=== Begin Enclosure ===

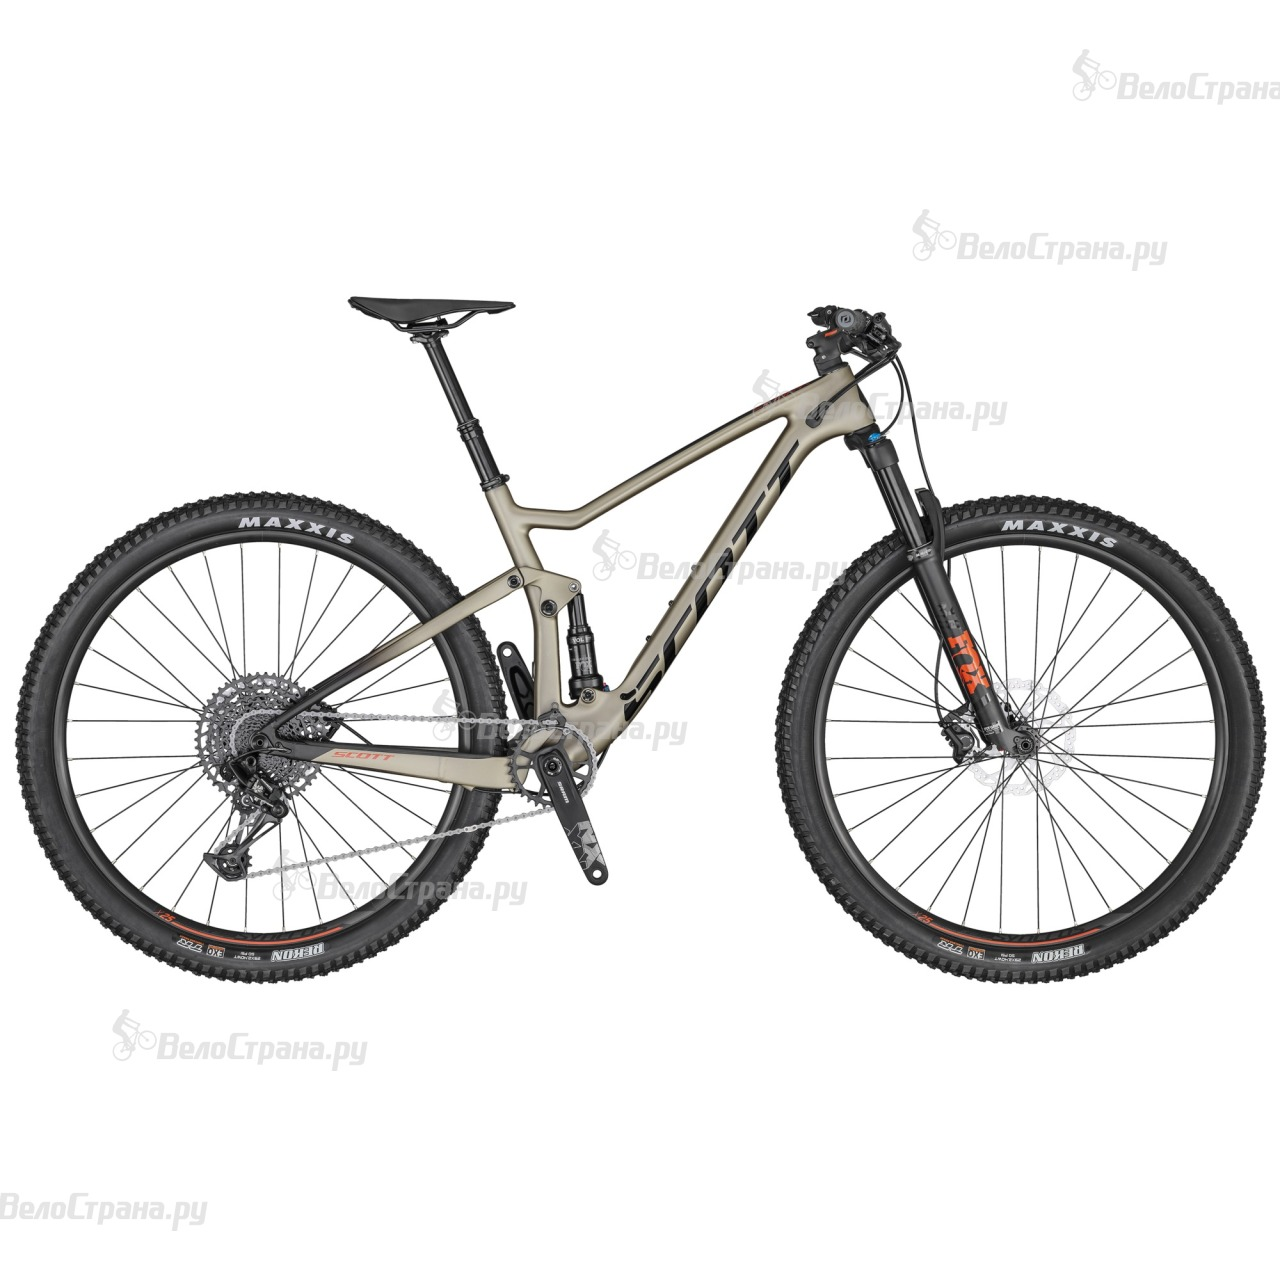 SCOTT CONTESSA SPARK 930 2020 - Megabike Plus
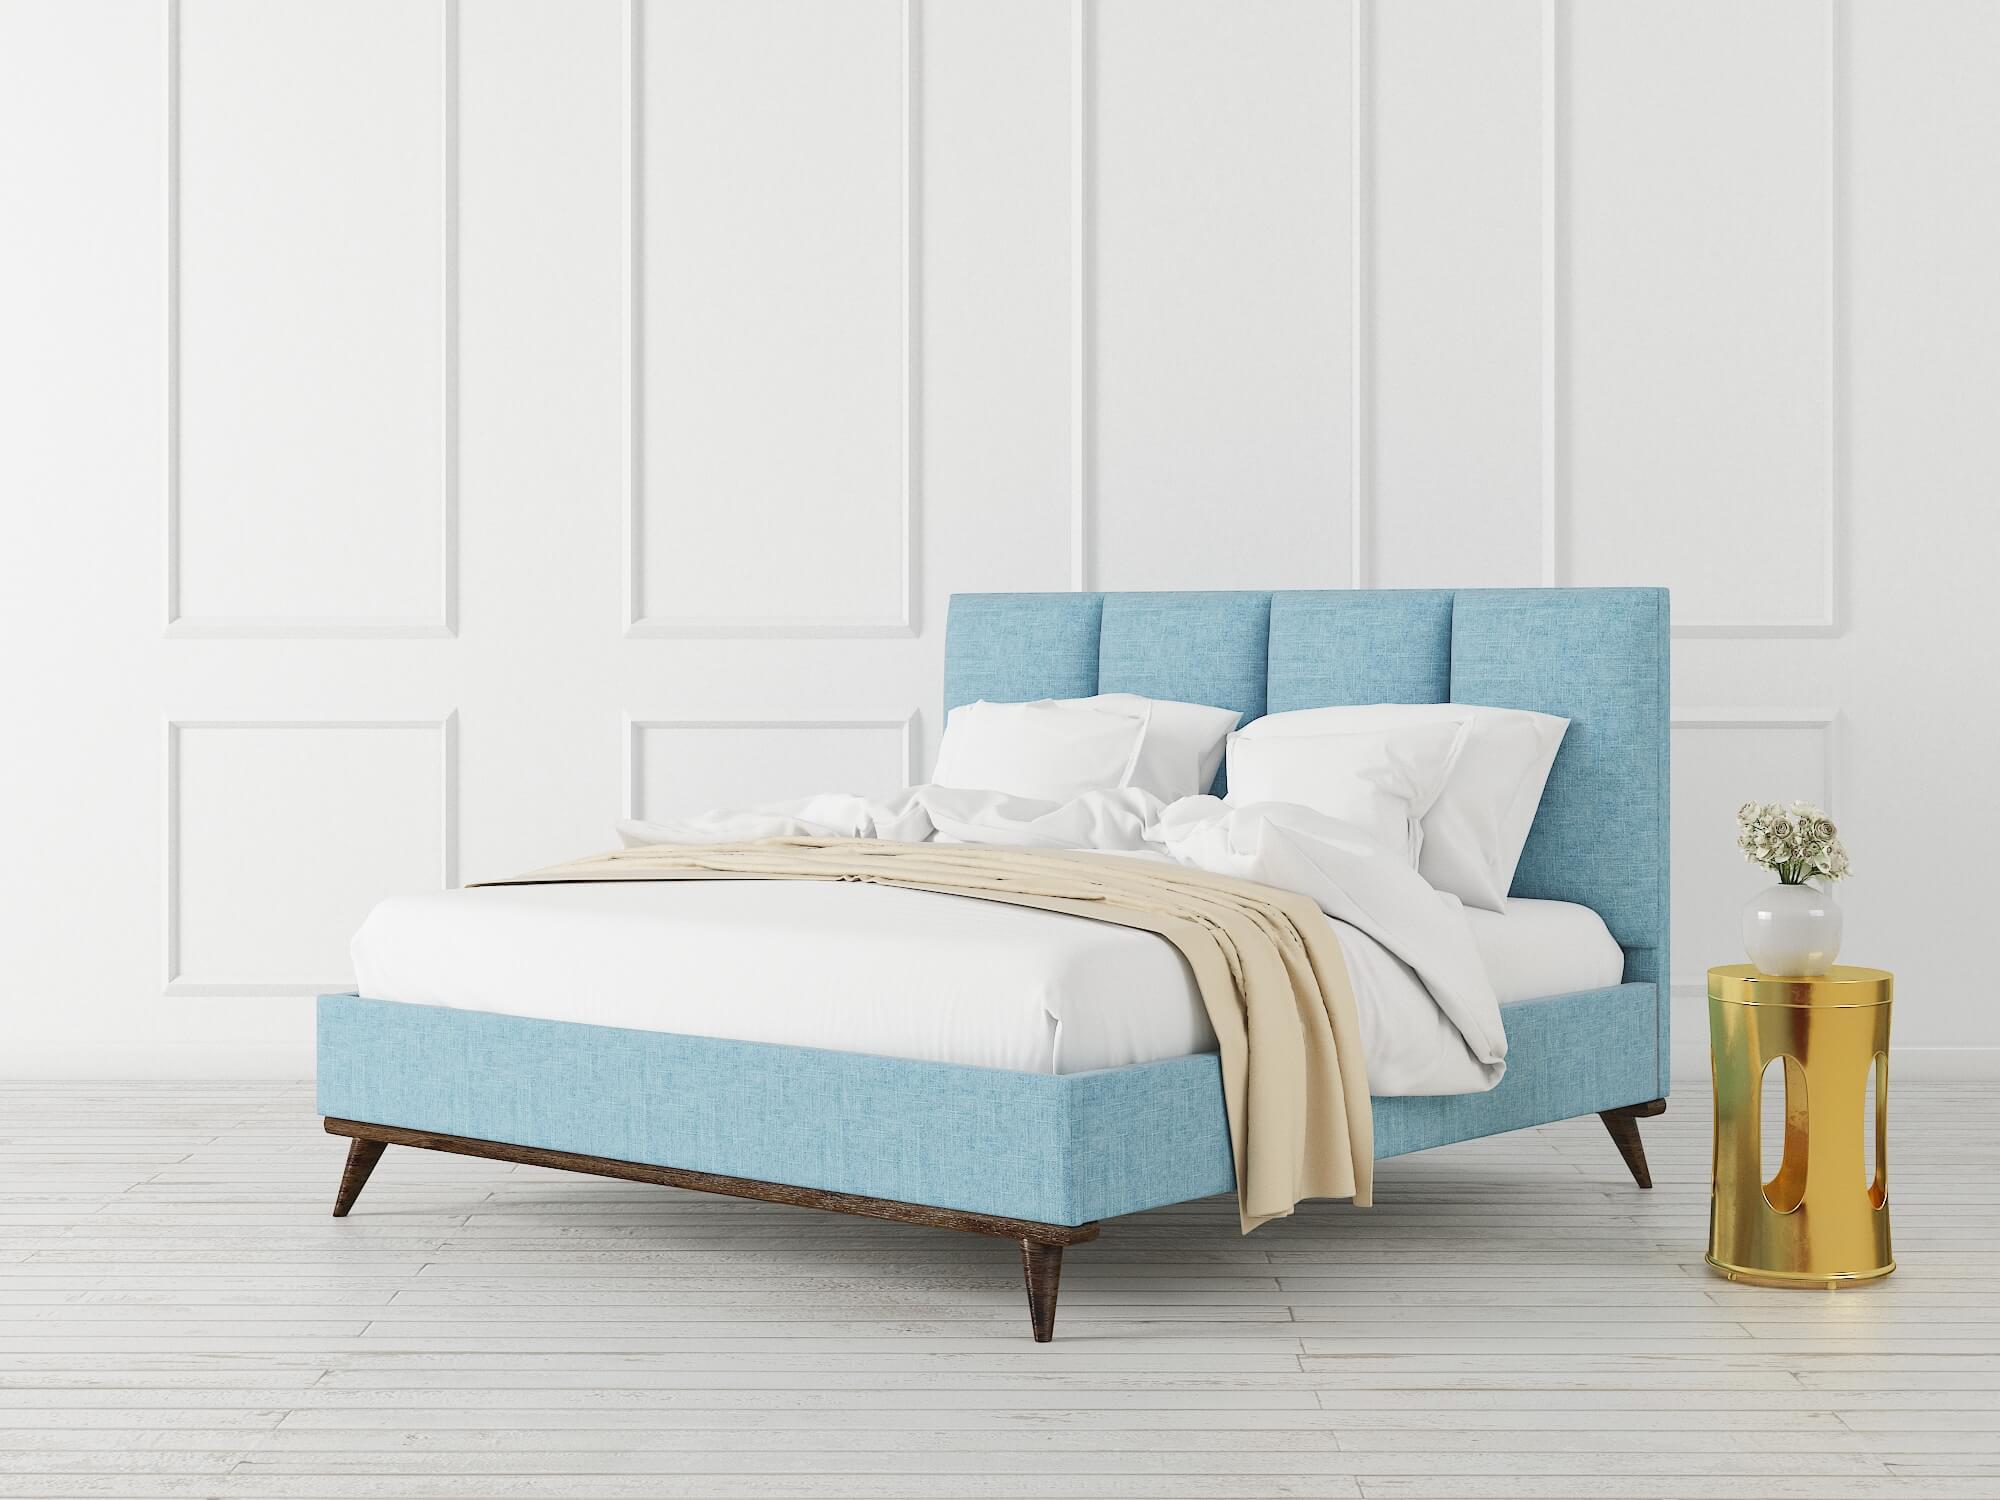 Celine Bed King Room Background
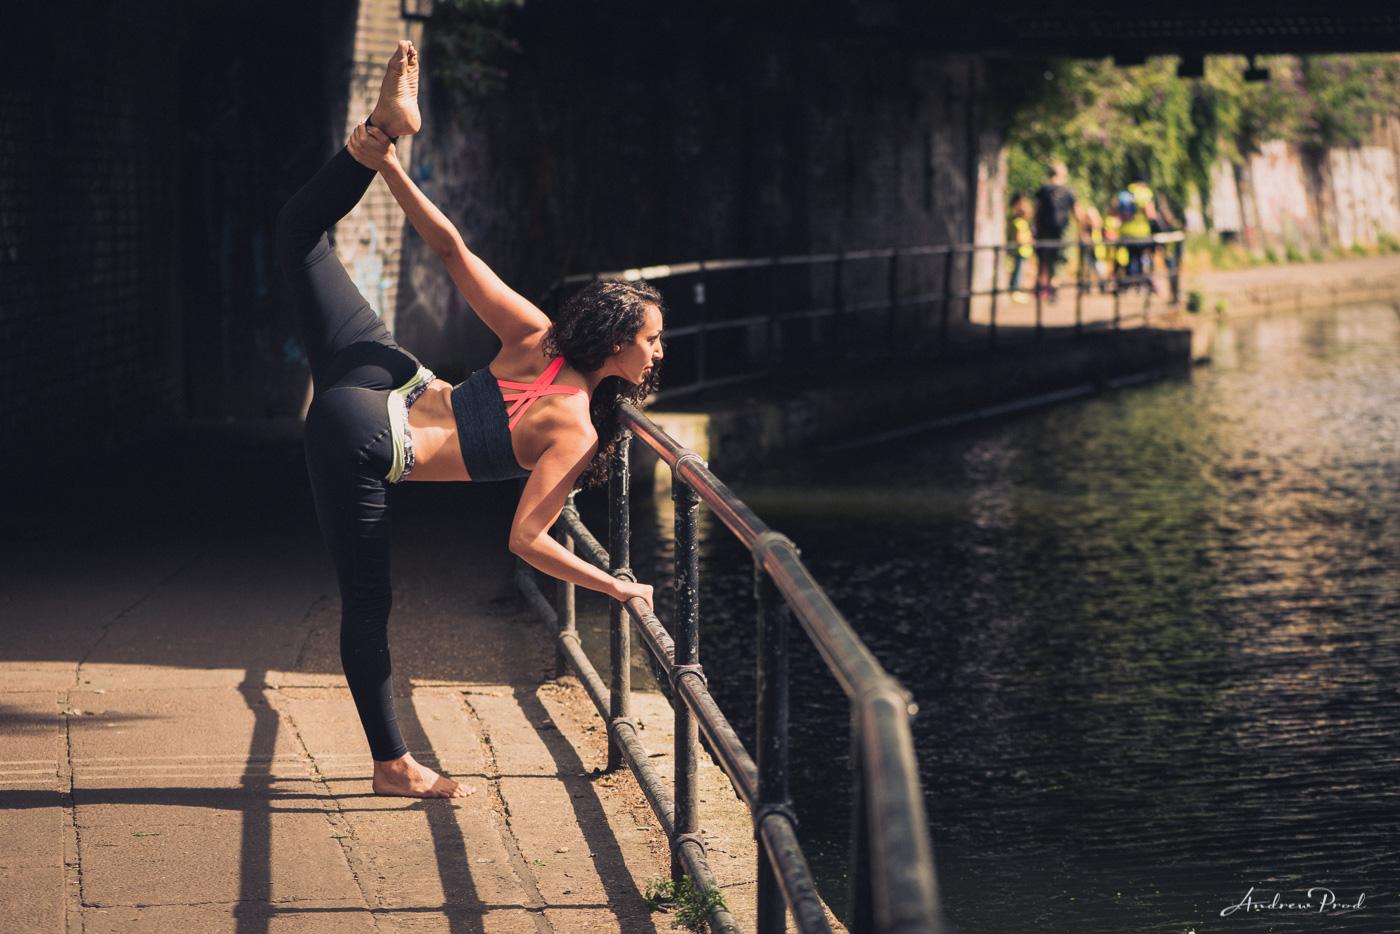 camden-town-yoga-photography-2

=== End Enclosure ===

§ Instructions for the task
The response should restate the material above word for word and contain no pictures.

§ Finished task
 SCOTT CONTESSA SPARK 930 2020 - Megabike Plus
 Celine Bed King Room Background
 camden-town-yoga-photography-2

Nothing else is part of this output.